Our input is a list of coordinates in 3D space, each marking a location of a junction box
162,817,812
57,618,57
906,360,560
592,479,940
352,342,300
To model this, I ended up with a JunctionBox:
from dataclasses import dataclass
@dataclass
class JunctionBox:
x: int
y: int
z: int
circuit: set[JunctionBox]
def distance(self, other: JunctionBox) -> JunctionBox:
"""Calculate Euclidian distance between two boxes"""
return sqrt((self.x - other.x)**2 + (self.y - other.y) ** 2 + (self.z - other.z) ** 2)
def connect(self, other: JunctionBox):
"""Connect two JunctionBoxes in a way where
every connection between nodes is shared."""
# Create a new circuit of self, other and all boxes connected to either
circuit = self.circuit | {other} | other.circuit | {self}
# Update circuit information to all
for box in circuit:
box.circuit = circuit
def __gt__(self, other: JunctionBox) -> bool:
return len(self) > len(other)
def __lt__(self, other: JunctionBox) -> bool:
return len(self) < len(other)
def __hash__(self):
return self.x * 1001 + self.y * 2002 + self.z * 3003
def __str__(self):
return f'({self.x}, {self.y}, {self.z}): {len(self.circuit)}'
def __len__(self):
return len(self.circuit)Each box knows its own position in the field and what other boxes it is connected to.

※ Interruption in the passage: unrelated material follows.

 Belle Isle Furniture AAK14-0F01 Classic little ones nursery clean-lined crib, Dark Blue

There’s a bunch of special methods (ones that start and end with double underscore), also known as “magic methods”:
__gt__ and __lt__ are for “greater than” and “less than” and they make a list of JunctionBoxes sortable. __hash__ allows us to store them in a set or use as dict keys. __str__ makes it easier to debug as we’re not printing out the entire circuit every time.

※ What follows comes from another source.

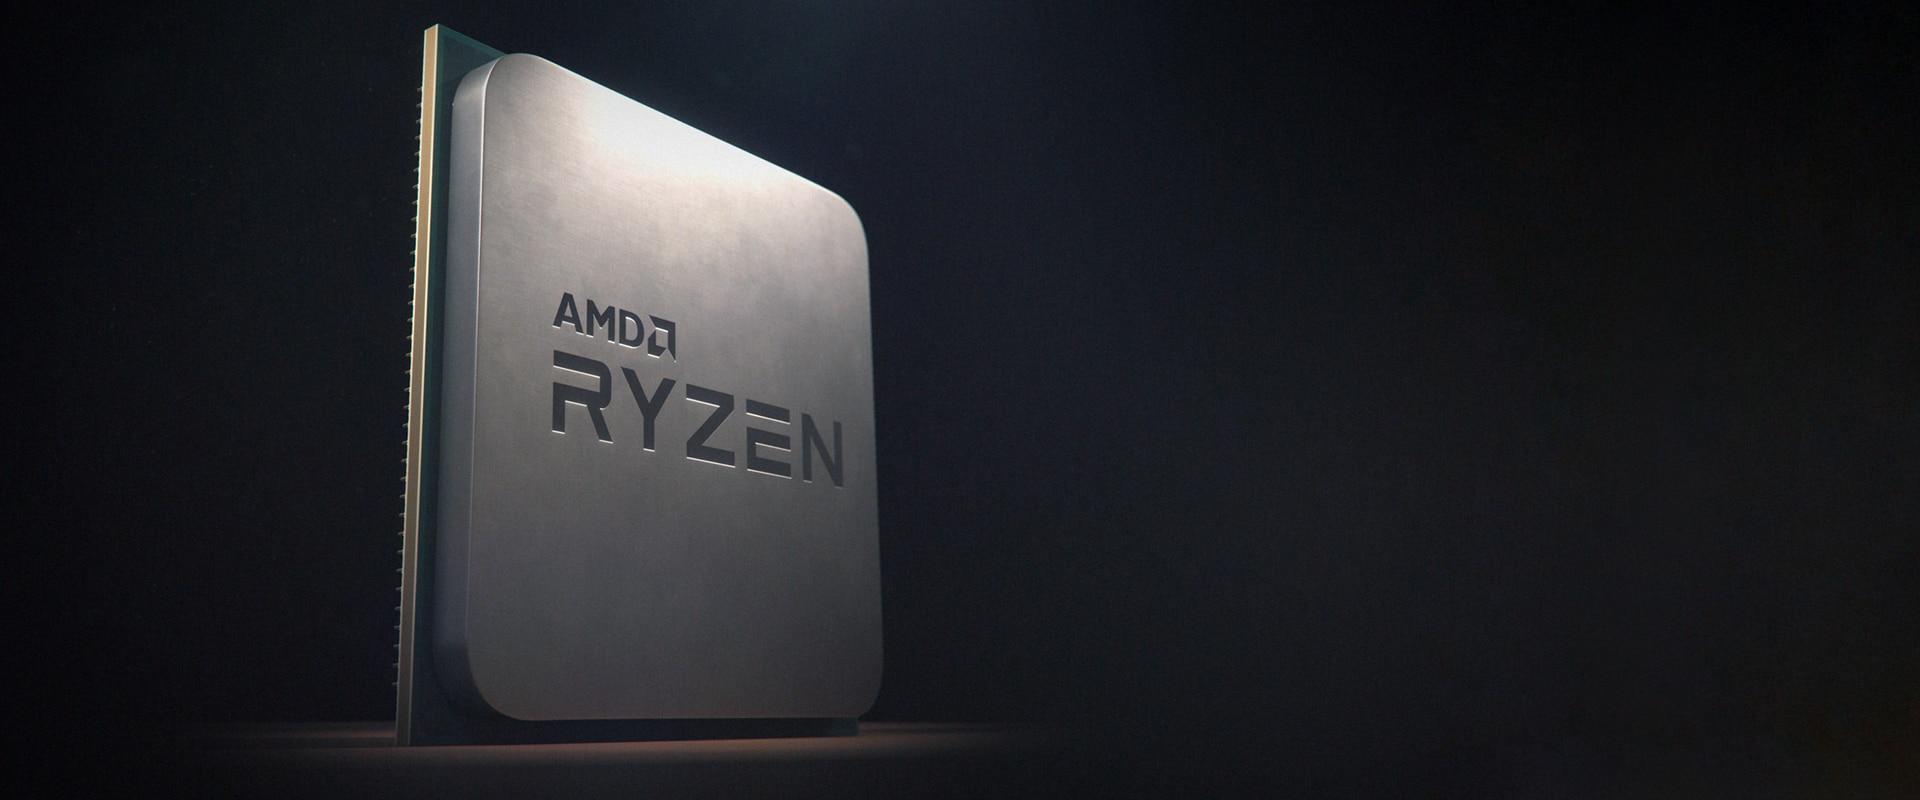 238593-amd-ryzen-chip-full-standing-1920x800_2

And __len__ is used later to compare circuit sizes. Whether the circuit data should be modeled in this JunctionBox is debatable. In a perfect world, I probably wouldn’t but today’s puzzle was hard and I couldn’t figure out a good way to maintain circuits in other ways so we’re going with this.
To map our input into these objects, we have a mapper function:
def mapper(line: str) -> JunctionBox:
x, y, z = [int(coord) for coord in line.split(',')]
return JunctionBox(x=x, y=y, z=z, circuit=set())Part 1
In the first part, we need to connect junction boxes so that we start with the two that are closest to each other and then move on until we’ve connected 1000 boxes. Finally, we need to find three largest circuits and multiply their sizes to get the result.
from itertools import combinations
@dataclass
class JunctionBoxPair:
one: JunctionBox
other: JunctionBox
def __gt__(self, other: JunctionBoxPair) -> bool:
return self.one.distance(self.other) > other.one.distance(other.other)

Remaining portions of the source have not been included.